> _WHAT TO WORK ON_: All lines from the one including "Verre de Murano opalin" to the bottom of the entries below should be repeated exactly, both ends kept.

#### MATERIAL PROVIDED

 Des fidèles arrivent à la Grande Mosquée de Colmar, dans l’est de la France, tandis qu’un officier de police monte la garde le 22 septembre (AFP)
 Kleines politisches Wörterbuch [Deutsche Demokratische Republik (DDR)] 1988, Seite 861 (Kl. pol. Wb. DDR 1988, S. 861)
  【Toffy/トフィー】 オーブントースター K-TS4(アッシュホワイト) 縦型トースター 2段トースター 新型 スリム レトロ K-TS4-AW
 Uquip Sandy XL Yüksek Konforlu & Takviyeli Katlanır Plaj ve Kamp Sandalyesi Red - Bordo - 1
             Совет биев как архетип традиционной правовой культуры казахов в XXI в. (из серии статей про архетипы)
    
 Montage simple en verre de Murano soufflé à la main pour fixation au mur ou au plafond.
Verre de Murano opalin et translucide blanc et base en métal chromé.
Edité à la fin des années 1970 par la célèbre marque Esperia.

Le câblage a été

########

> _ANSWER FOR THE TASK_:
Verre de Murano opalin et translucide blanc et base en métal chromé.
Edité à la fin des années 1970 par la célèbre marque Esperia.

Le câblage a été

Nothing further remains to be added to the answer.